A new laser-based phase plate developed by researchers at UC Berkeley, Lawrence Berkeley National Laboratory, and the Chan Zuckerberg Biohub has overcome a key limitation in cryo-electron microscopy, dramatically improving the imaging of small proteins.
The technology, integrated into a custom microscope system named Theia, aims to solve a persistent challenge: imaging proteins below approximately 70 kilodaltons. The findings were published in Science on June 11, 2025.
Core Technology
The laser phase plate adapts the principle of phase-contrast microscopy—a technique pioneered by Frits Zernike in the 1930s—for electron microscopy. In standard light microscopy, contrast is enhanced by shifting the phase of non-scattered light relative to scattered light.
To achieve this effect with electrons, the device uses an intense continuous-wave laser focused within a mirrored cavity. This laser generates a localized electromagnetic field that shifts the phase of the electron beam passing through it.
Unlike previous attempts to create electron phase plates, this laser-based method enhances contrast without significantly reducing beam intensity, causing instability, or degrading resolution. The laser system achieves a focused power of 75 kilowatts. The development follows a theoretical proposal made by Holger Müller and Robert Glaeser in 2010, leading to over 15 years of development.
System and Performance
The laser phase plate is paired with a custom Thermo Fisher Scientific microscope called Theia, designed to maximize the benefit of the laser's brightness. Theia was installed at UC Berkeley and has been operational since 2025.
The system was tested on two proteins: aldolase and hemoglobin (64 kilodaltons).
"The laser phase plate improved the resolution of images for both samples. According to the researchers, the improvement was more significant for hemoglobin, which is smaller and at the lower size limit for standard cryo-EM."
The phase plate also improved imaging of samples with suboptimal preparation.

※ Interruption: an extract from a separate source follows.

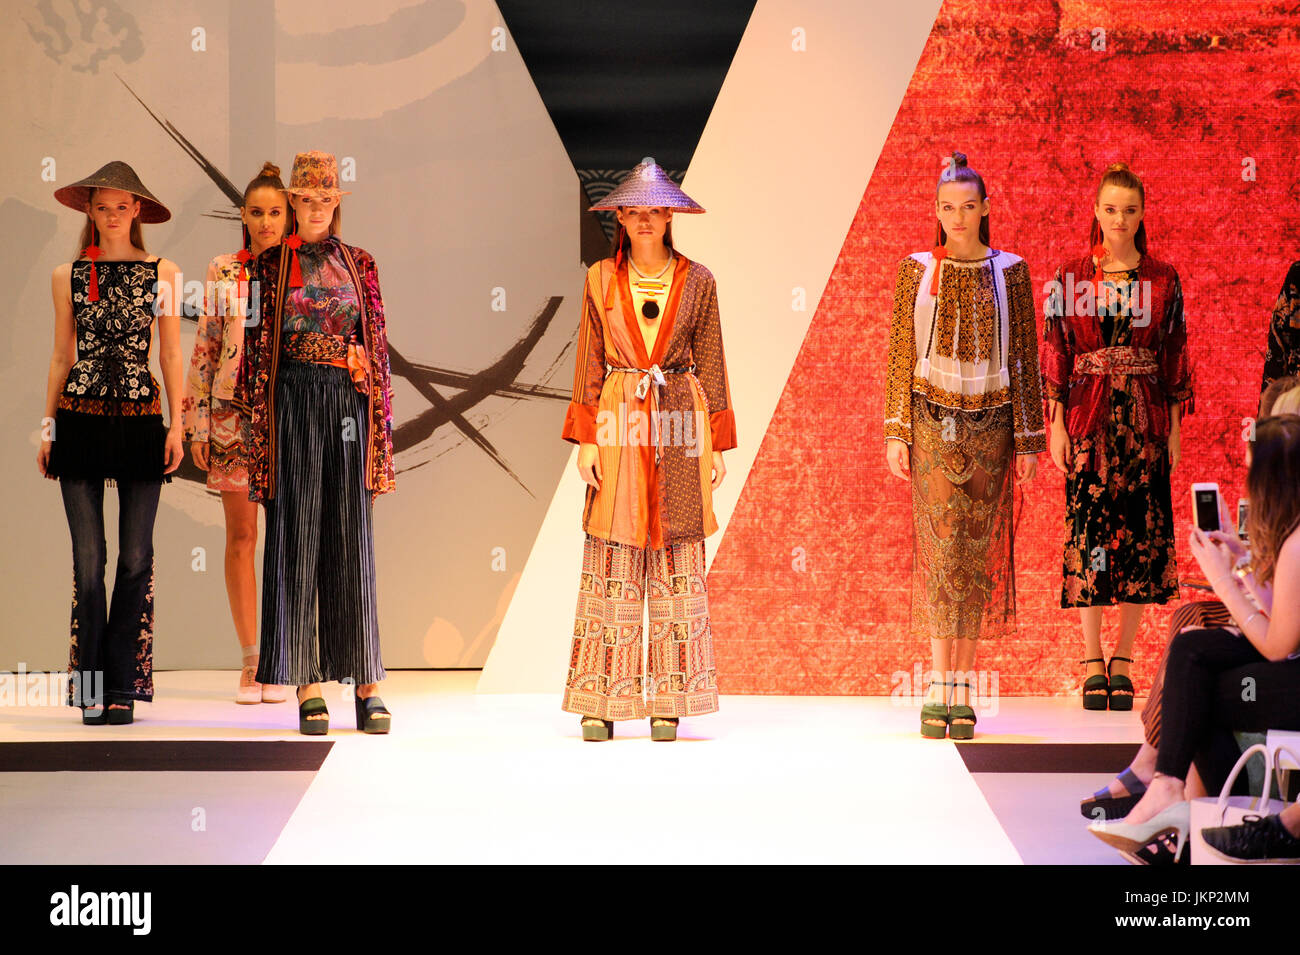 Models on the Oriental-themed Main Catwalk at Pure London, Olympia, London, UK. Pure London, the UK's leading trade fashion exhibition opens its doors 23-25th July 2017, featuring two halls of trade stands from leading fashion and accessories designers, lectures from industry experts, and fashion shows on two different catwalks throughout each day. Fashion buyers were out in force to see the new season's collections. 24th July 2017. Credit: Antony Nettle/Alamy Live News Stock Photo

Background on Cryo-EM Limitations
Cryo-EM is a method for determining biomolecular structures by imaging frozen samples. It emerged as a key technique in structural biology, but it faces challenges with proteins smaller than approximately 70 kilodaltons. This size range includes an estimated 90% of human proteins.
The technique relies on averaging many images of individual molecules to build a structure, and the low signal-to-noise ratio for small proteins makes this process difficult. Cryo-electron tomography (cryo-ET), which constructs 3D structures by combining images of molecules in their native cellular environment, also requires high contrast to visualize structures within crowded cells.
Future Applications
The researchers plan to extend the technology from single-particle analysis to cryo-electron tomography. A dual-laser version of the system is being developed at the Chan Zuckerberg Biohub in Redwood City, California.
The team has stated that the laser phase plate may enable imaging of proteins down to approximately 17 kilodaltons in the future.
Collaboration and Funding
The work involves UC Berkeley, the Chan Zuckerberg Biohub, and Thermo Fisher Scientific. Co-authors on the study include Petar Petrov, Jessie Zhang, Jonathan Remis, Hang Cheng, Jeremy Axelrod, Eric Cooper, Ian Hicklin, Shahar Sandhaus, Cooper Schnurr, and Robert Glaeser. At the Biohub, Bridget Carragher and David Agard lead the Dynamic Structural Cell Biology group.
The research received funding from the National Institutes of Health (NIH), the National Science Foundation (NSF), the Gordon and Betty Moore Foundation, the Chan Zuckerberg Initiative, and the Berkeley Lab's Laboratory Directed Research and Development (LDRD) program.